##### Source data #####

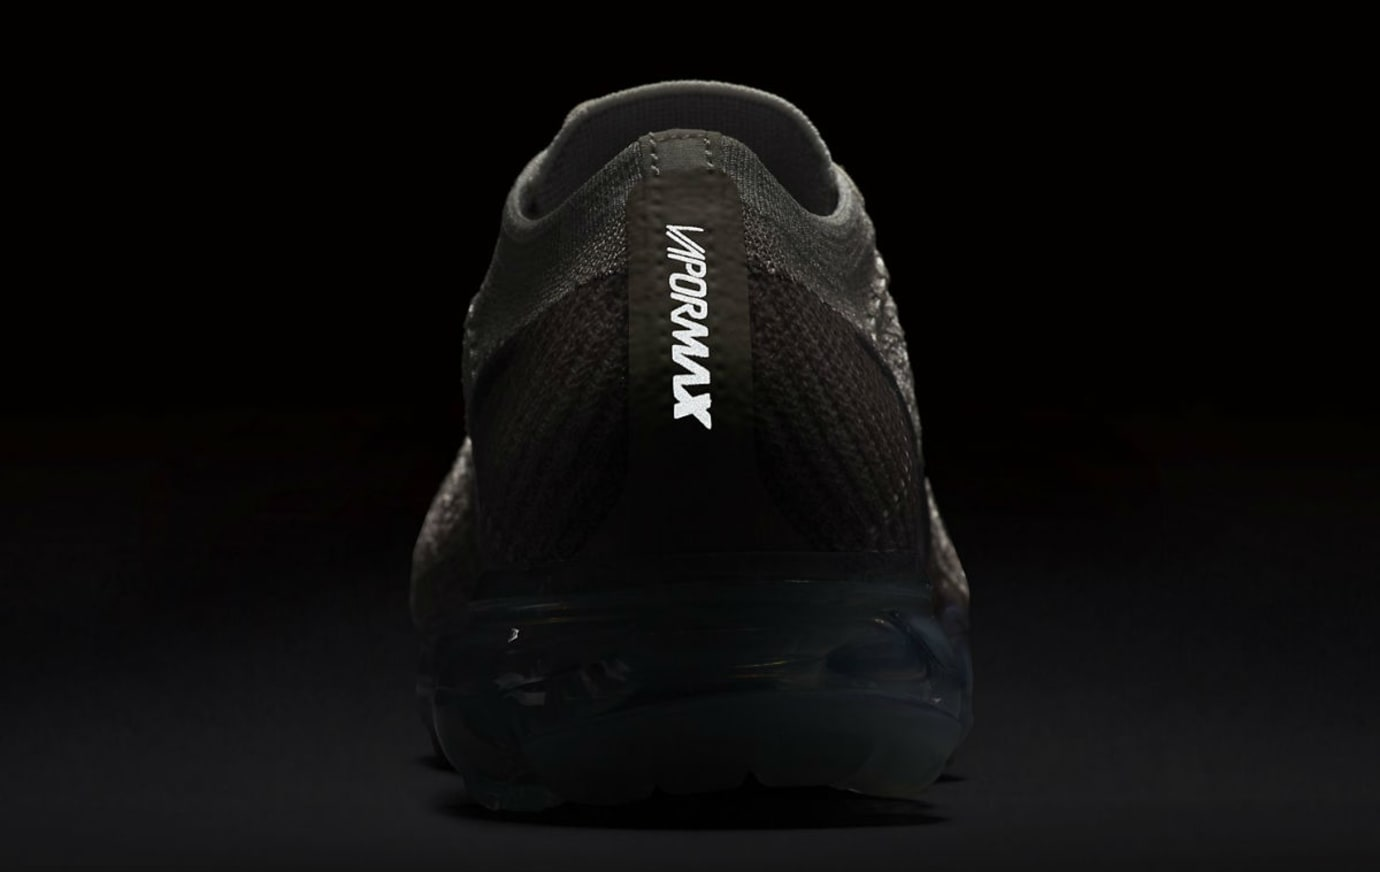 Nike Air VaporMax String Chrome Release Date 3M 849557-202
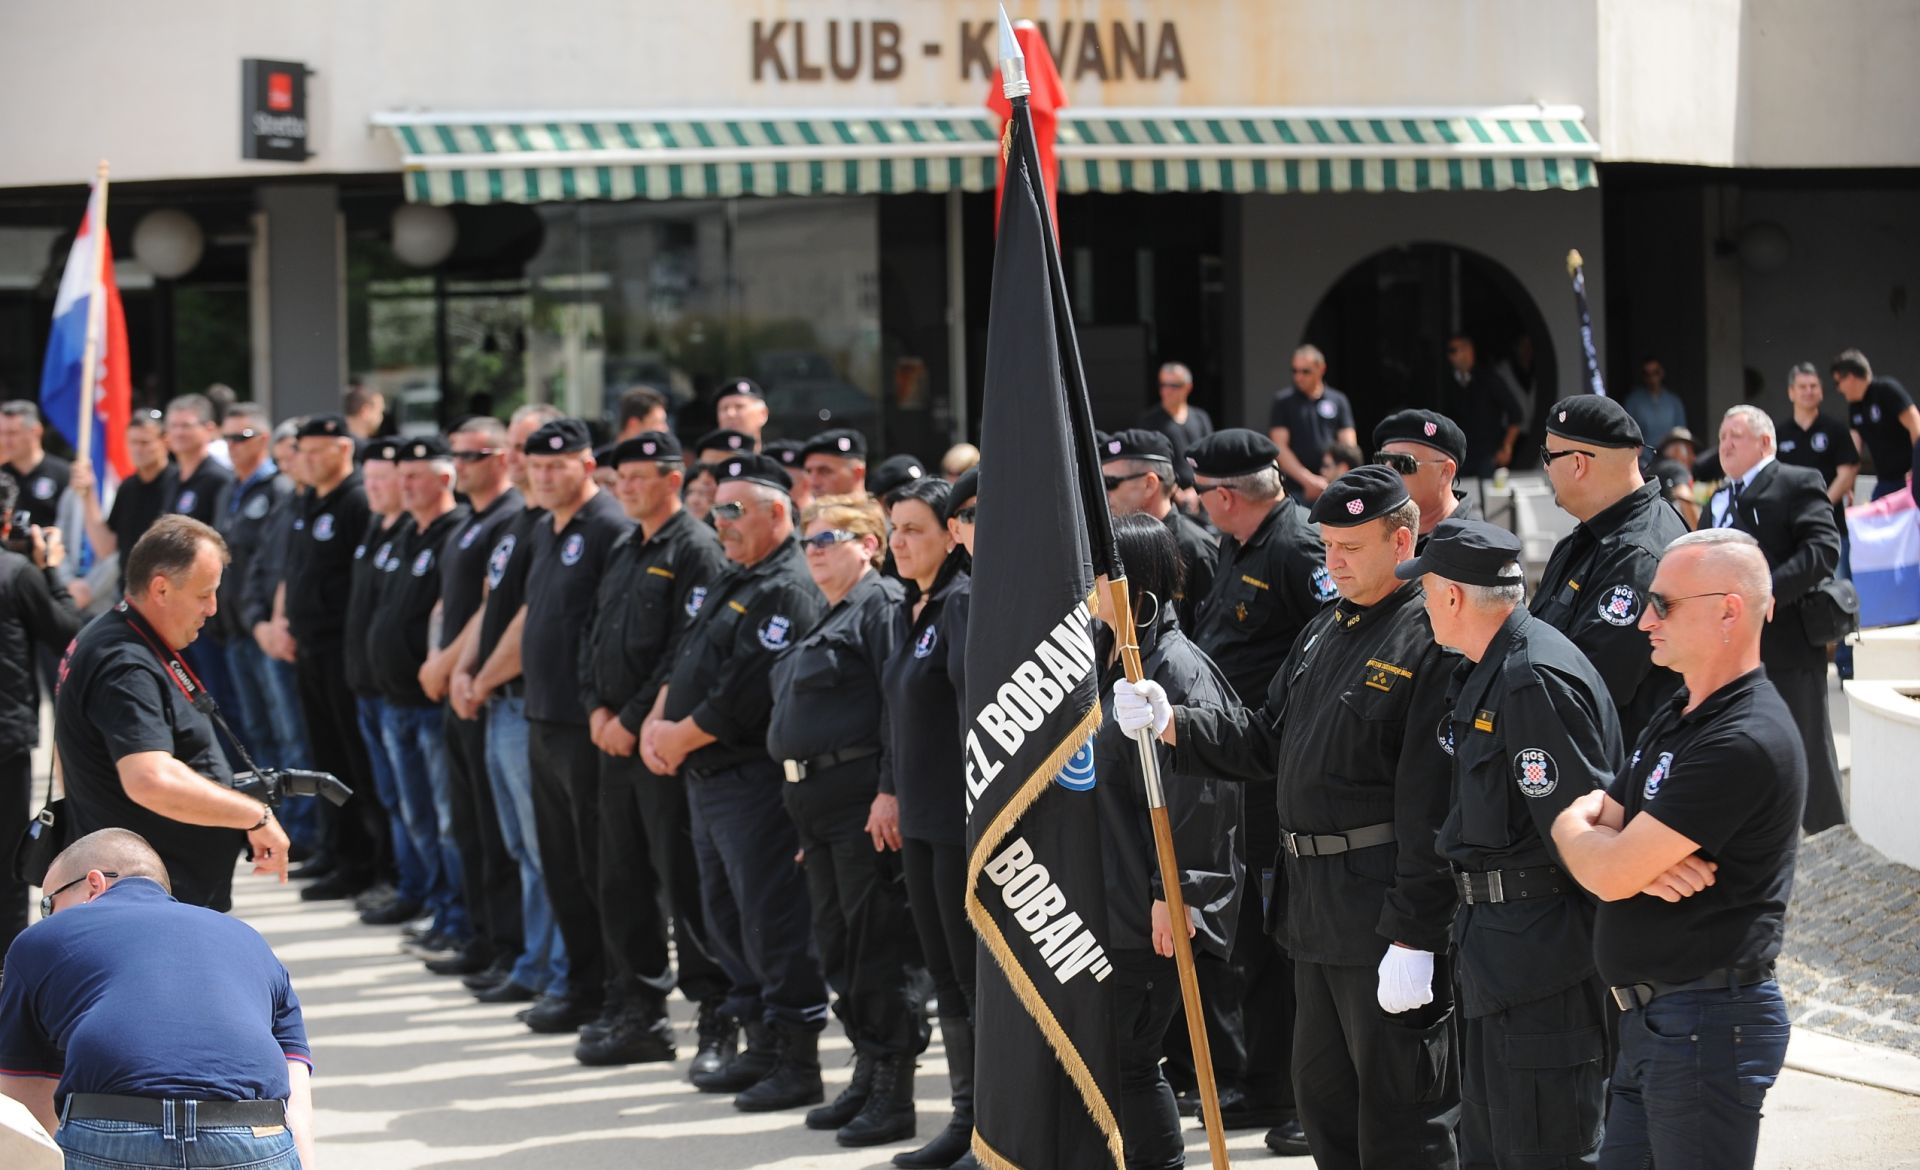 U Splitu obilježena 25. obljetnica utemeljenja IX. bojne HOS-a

#####
##### Source data #####

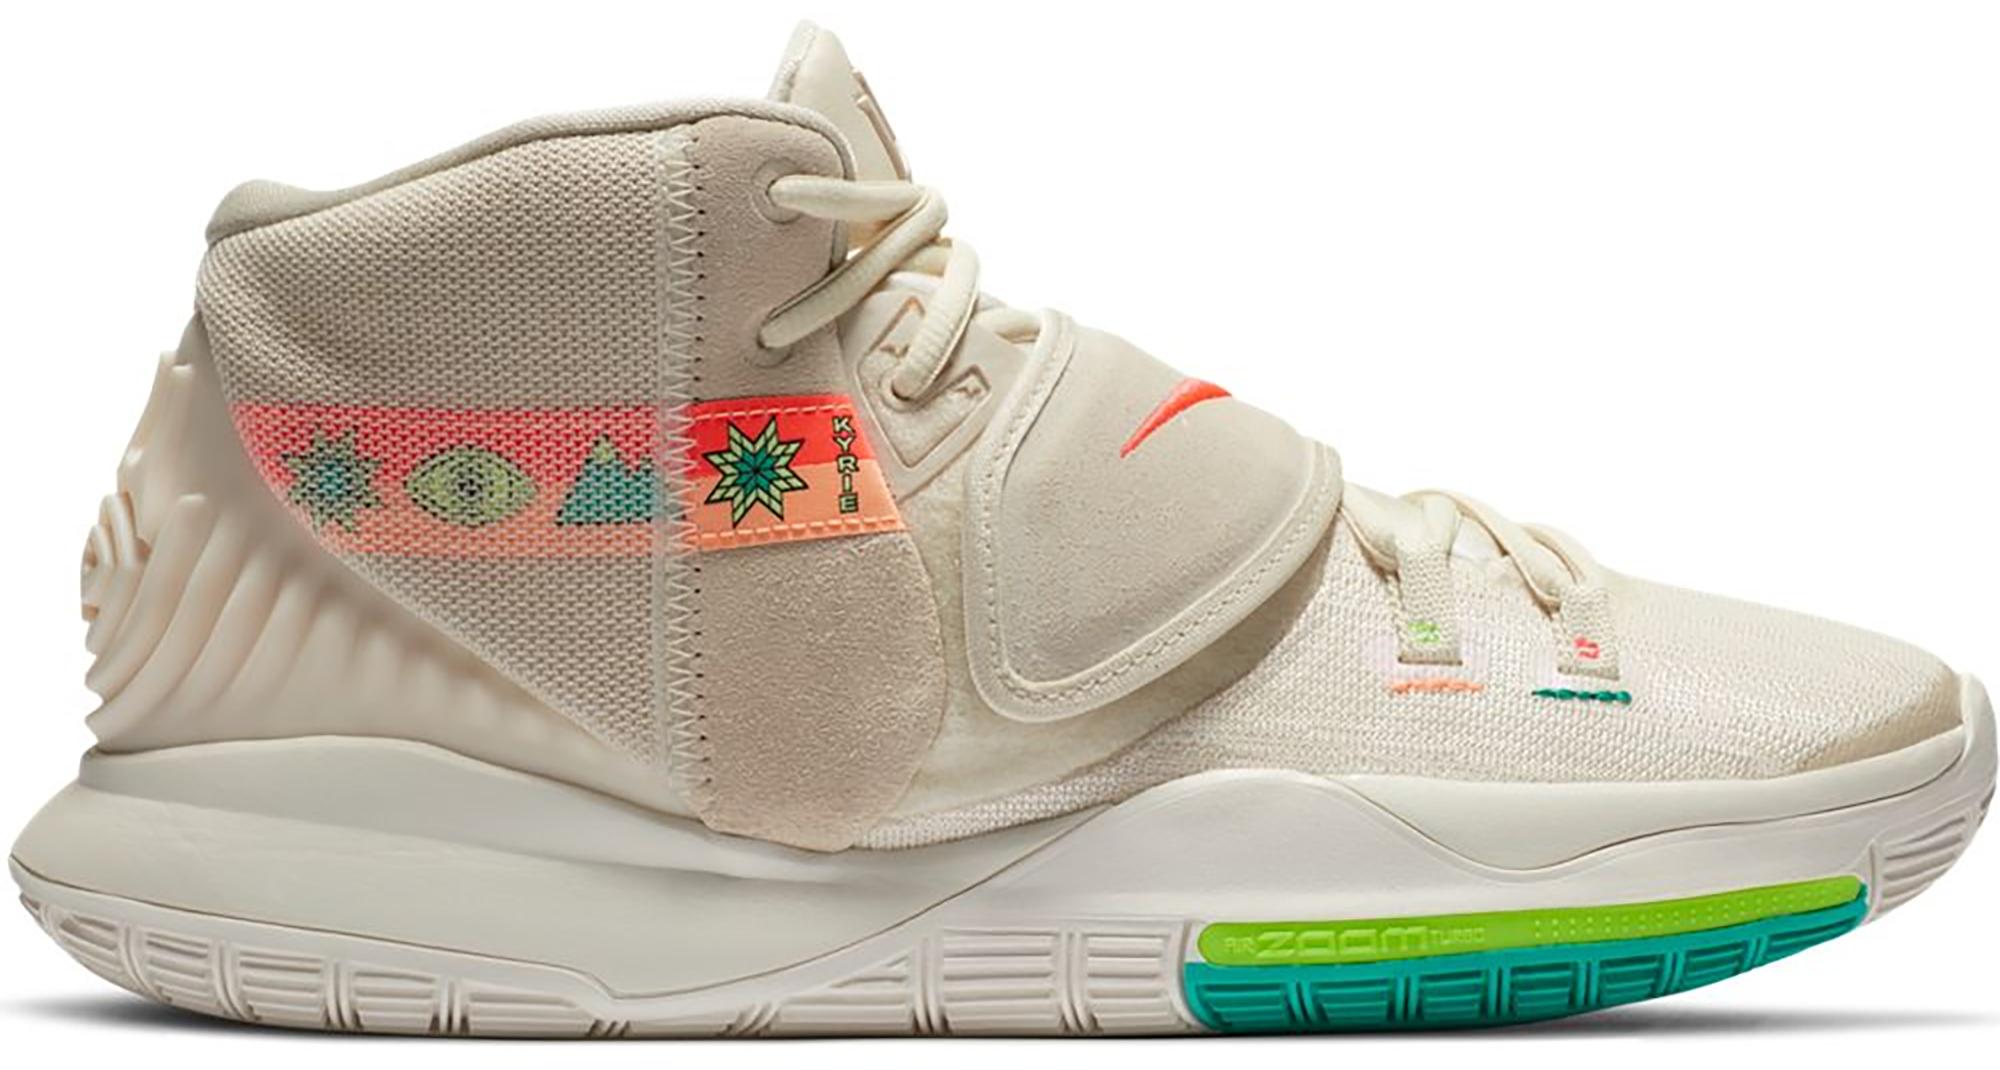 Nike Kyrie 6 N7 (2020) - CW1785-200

#####
##### Source data #####

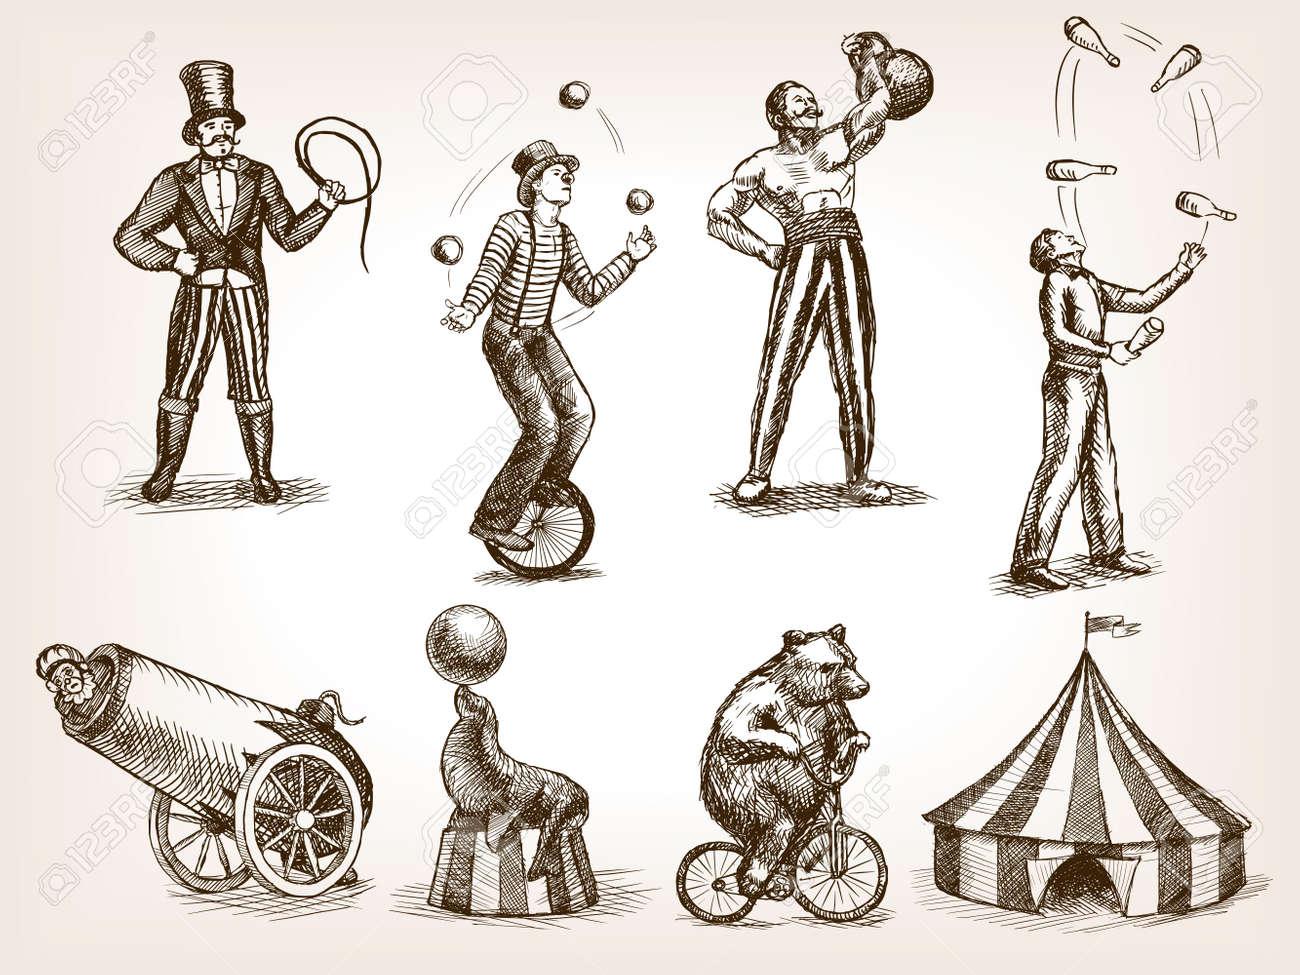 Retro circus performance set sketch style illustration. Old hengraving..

#####

#### [Task details]
Once the line with "Nike Air VaporMax" is found above, transcribe each line from it through the line with "U Splitu obilježena", exactly, and omit the pictures.

#### [Task answer]
 Nike Air VaporMax String Chrome Release Date 3M 849557-202
 U Splitu obilježena 25. obljetnica utemeljenja IX. bojne HOS-a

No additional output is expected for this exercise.